Малоун смотрел на дом. Он, Торвальдсен и Кассиопея покинули книжный магазин Малоуна около получаса назад и поехали на север по змеящемуся вдоль моря шоссе. Когда до похожего на дворец поместья Торвальдсена оставалось десять минут езды, они съехали с главной дороги и остановили машину возле скромной одноэтажной постройки, угнездившейся в прибрежной рощице кривых шишковатых деревьев. Вдоль стен из кирпича и бревен росли бледные весенние нарциссы и гиацинты, а венчала строение наклонная кровля. В пятидесяти ярдах позади домика плескались серо-коричневые волны пролива Орезунд.
— Я, по-видимому, должен спросить, кому принадлежит этот дом?

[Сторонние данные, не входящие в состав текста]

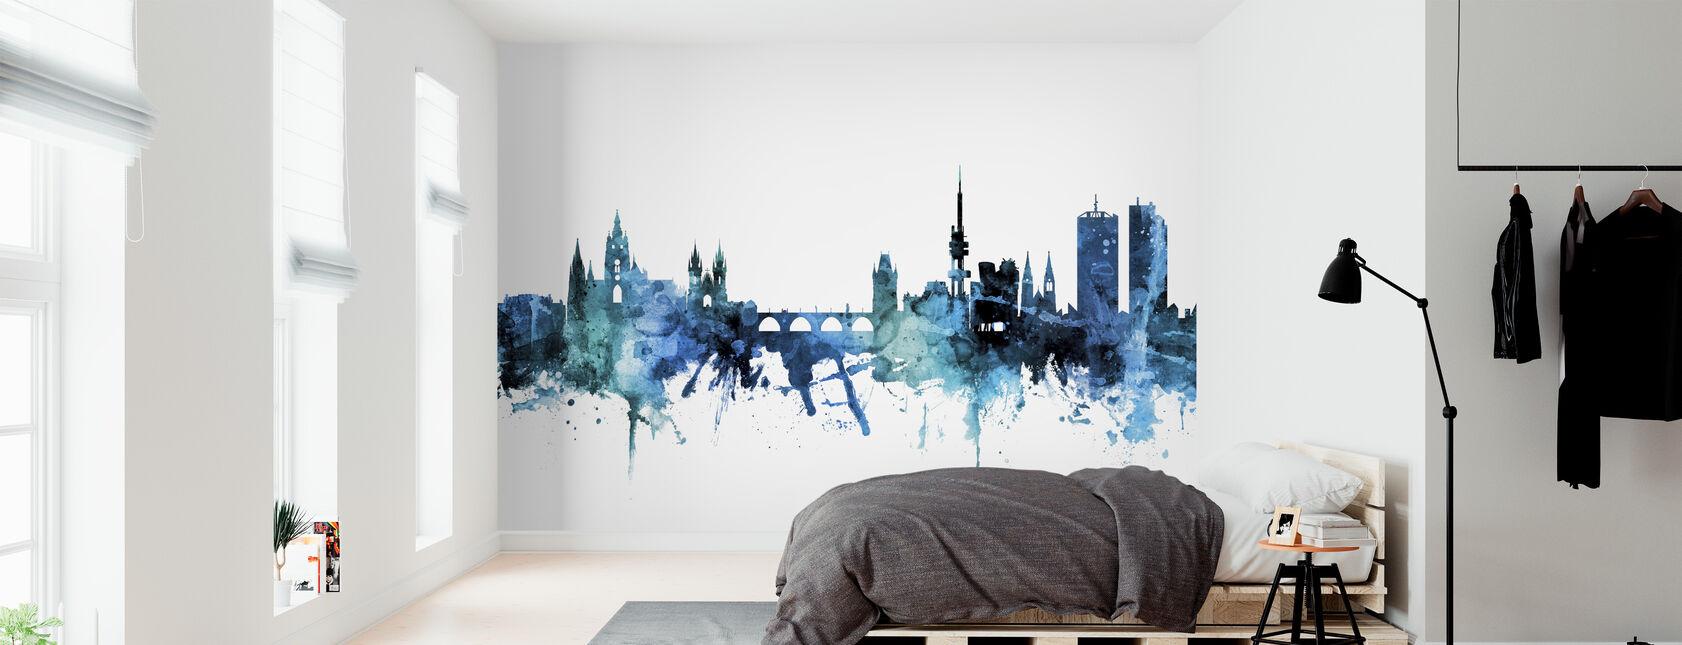 Prag (Praha) Den Tjekkiske Republik Skyline - Tapet - Soveværelse

— Это уже не дом, а развалюха, — сказал Торвальдсен. — Он стоит на границе с моей землей, потому я его и купил, но морской вид отсюда открывается такой, что закачаешься.
Малоун не мог не согласиться. Первоклассная недвижимость.
— И кто же здесь должен жить?
Кассиопея ухмыльнулась.
— Владелец музея, кто же еще!
Он заметил, что ее настроение заметно улучшилось, но было очевидным и другое: и она, и Торвальдсен находятся на грани нервного напряжения. Перед отъездом Малоун переоделся и достал из-под кровати «беретту», полученную им еще во время службы в группе «Магеллан». Местная полиция дважды пыталась конфисковать у него пистолет, но Торвальдсен каждый раз пускал в ход личные связи (он был дружен с премьер-министром Дании) — и оружие возвращали. Несмотря на то что Малоун давно вышел в отставку, за последний год он неоднократно находил пистолету применение, и это не могло не беспокоить. Ведь одна из тех причин, по которым он перестал работать на правительство США, заключалась в том, что теперь он мог не носить с собой оружие.
Они вошли в домик. В окна, покрытые пленкой высохшей соли, лился свет. Внутреннее убранство представляло собой причудливую смесь старого и нового, смешение стилей, однако все вместе это производило довольно приятное впечатление. Помещение явно нуждалось в ремонте.
Кассиопея принялась обыскивать дом, а Торвальдсен присел на диван, застеленный куском пыльного твида.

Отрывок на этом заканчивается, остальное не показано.